Tilokpur  is a village in the Tilhar in the Indian state of Uttar Pradesh. The village is situated near the Sharda Canal that passes through Kant and Kurriya Kalan.

The village is medium-sized, with around 167 dwellings and a population of about 1,036 people.
The Part of City Tilhar

Banwari Lal, by caste a Kayastha, an Indian revolutionary and an approver in the historical Kakori conspiracy train robbery case of 1925, hailed from this village. Later in his life, he settled in the nearby village of Keshawpur, where he lived until his death.

History
The village of Tilokpur, named after Trilok Chandra, a Bachhil Rajput, is situated about 9 kilometers to the south of Tilhar.
According to the Shahjahanpur Gazetteer, the name Tilhar was also derived from the Bachhil Rajput Trilok Chandra. Trilok Chandra also built a fort in Tilhar. The ruins of this fort can be seen in Dataganj mohalla of Tilhar. There were three big gates to the fort though now only two of them still exist. The city of Shahjahanpur was established by Diler Khan and Bahadur Khan, sons of Shri Dariya Khan, who were the commanders in the army of Mugal Emperor Jahangir.

Demographics
Although this village is very old, many residents have moved and settled in other parts of the country due to communal conflicts. In the past, this village apparently had orchards with rare plant species and people lived in harmony. Today the village is all but abandoned.

The Hindu communities which still reside here are: Thakurs, Brahmins, Yadavs, Lohars, Barhais, Dhobis, Dahanuks Nats and Kahars. Amongst the Muslim community, some families of Manihars, Julahas and Faqirs remain in the village.

Another community of Kshatriya Sunars, who were the oldest residents of this village, have left. Kayasthas have also left the village though some families of Gadariyas remain. The departures are often due to the lack of educational opportunities.

The main occupation of the villagers is farming. Some Sikhs have also settled here but they do not mingle with the local residents. They live with family and their cattle in the Jhalas.

Sunars
The Sunars of this village claim that they are the descendants of one of two Rajput brothers, who were saved as boys by a Saraswat Brahman from the wrath of Parashurama when he was destroying the Kshatriyas. The descendants of the other brother were the Khatris.
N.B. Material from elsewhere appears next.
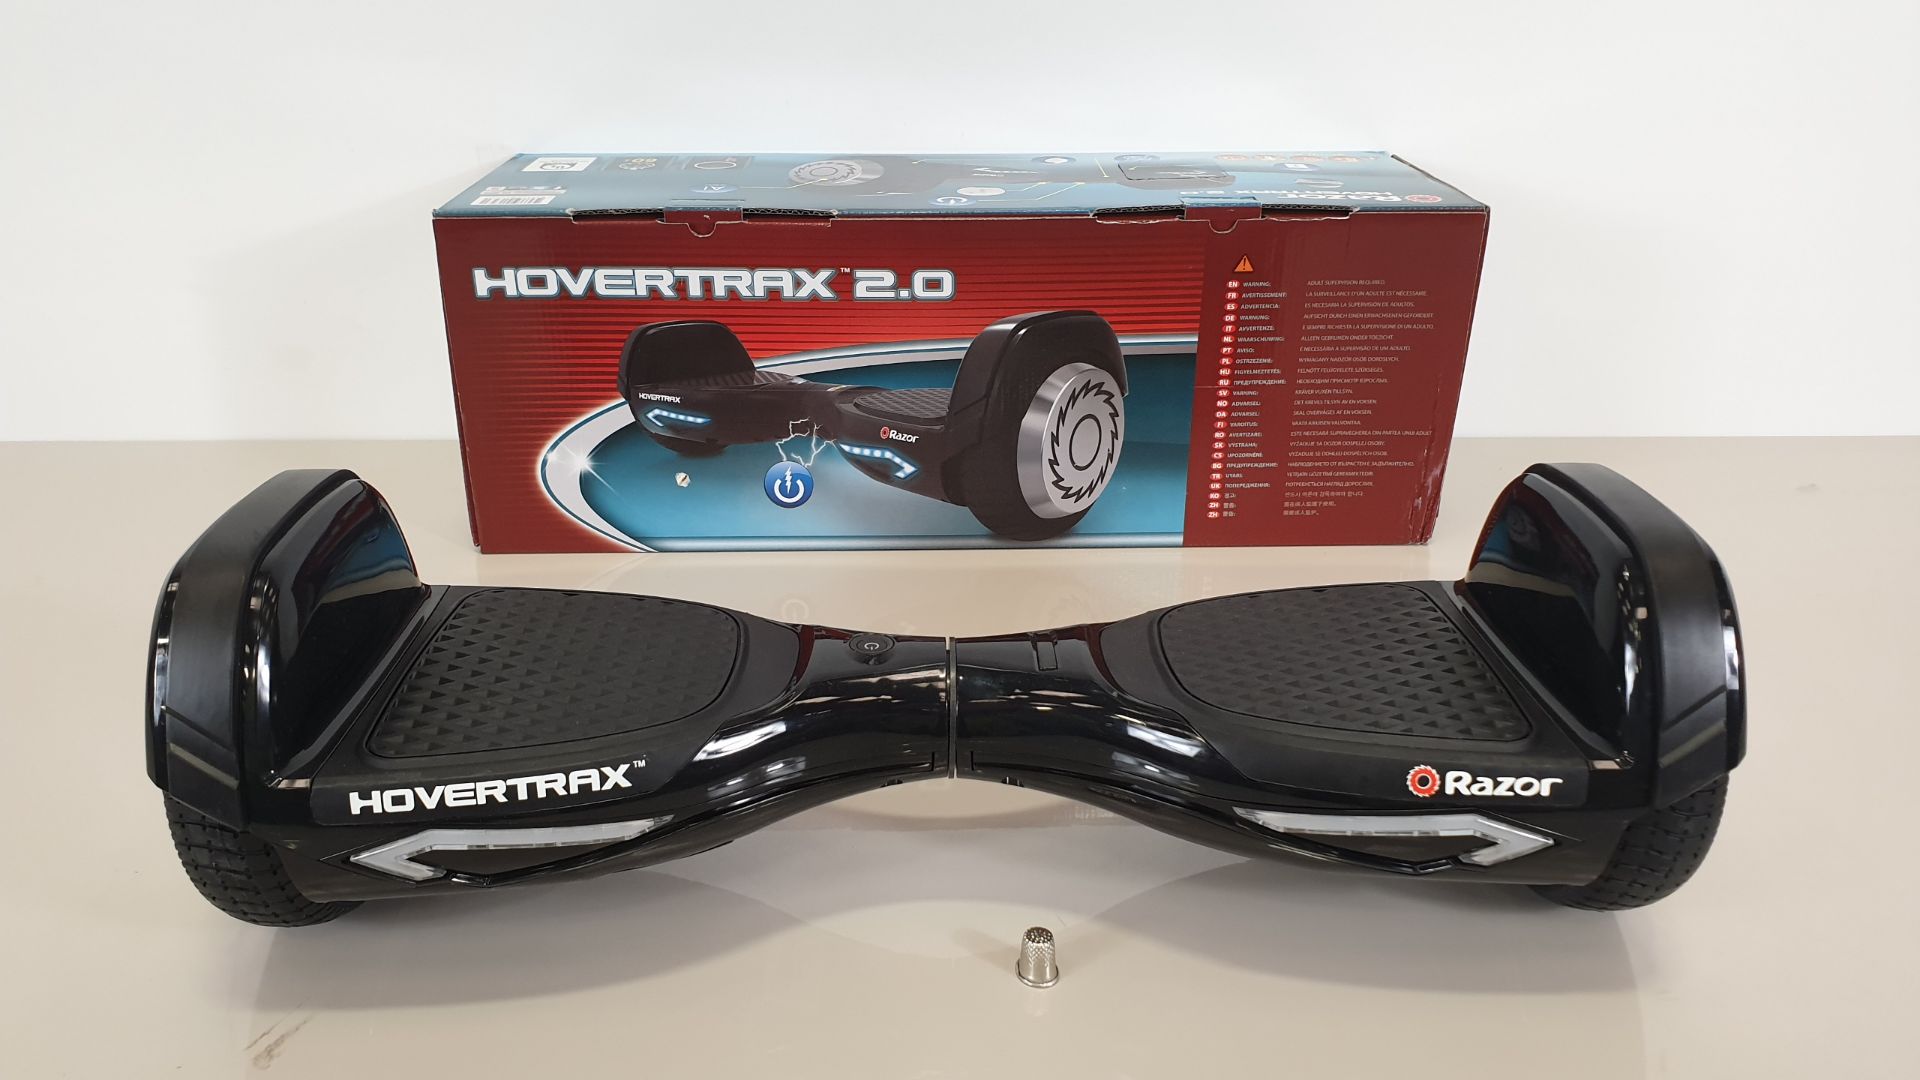 (LOT FOR THURSDAY 28TH MAY AUCTION) BRAND NEW BOXED RAZOR HOVERTRAX 2.0 ONYX BLACK 9KMH (PLEASE NOTE
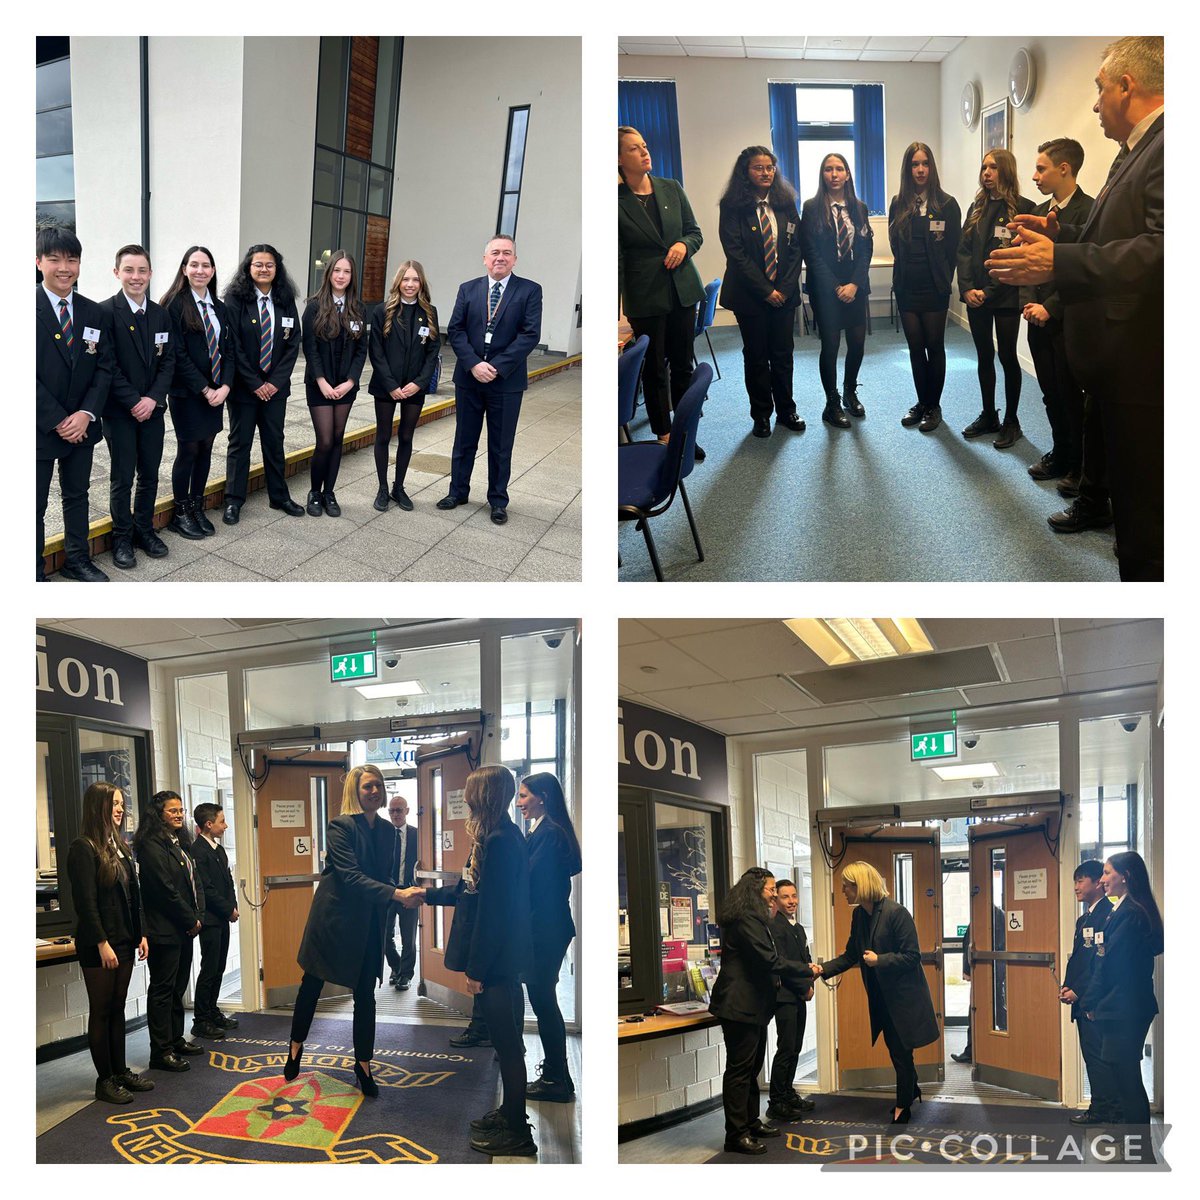 S3 stars showcasing their #Leadership skills and their #Commitment to #Excellence in improving our school #PupilVoice #Equity #SCQFGold Our guests were impressed with their #Knowledge #Engagement #Confidence #Passion @BearsdenAcademy @gfjc41 @76KKelly @BAachievement @lynda_cllr

This is the same story as is told by the Khatris of their own origin, but they do not acknowledge the connection with Sunars, nor can the Sunars allege that Saraswat Brahmans eat with them as they do with Khatris.

Owing to their association with the sacred metal gold, and the fact that they generally live in towns or large villages, and that many of their members are well-to-do, the Sunars occupy a fairly high position, ranking equal with, or above the cultivating castes.

Religious Practices
Sacred fig trees grow in Tilokpur. These trees draw both Sadhus (ascetics), who meditate beneath the trees, and Hindus, who do pradakshina (circumambulation) around the trees as a form of worship. Usually seven pradakshinas are done in the morning, while the Hindu practitioner chants "Vriksha Rajaya Namah", meaning "salutation to the king of trees." 

Outside the village's boundary stands a Peepal tree, which the local people call Brahma dev. Here, a mela (gathering) is organised on the day of Buddha Purnima every year. This sacred tree is said to be about 1,000 years old. Its trunk is about 10 feet in diameter, upon which the natural images of the Brahma, Vishnu, and Mahesh are clearly visible.

The Brijbasi Nats – a landless community in Shahjahanpur district – are mainly musicians and dancers. At social functions, they are required to perform for their patrons, who tend to belong to the locally dominant castes. They come here every year and perform dances with music to entertain the God tree Brahma dev and the people on Buddha Purnima.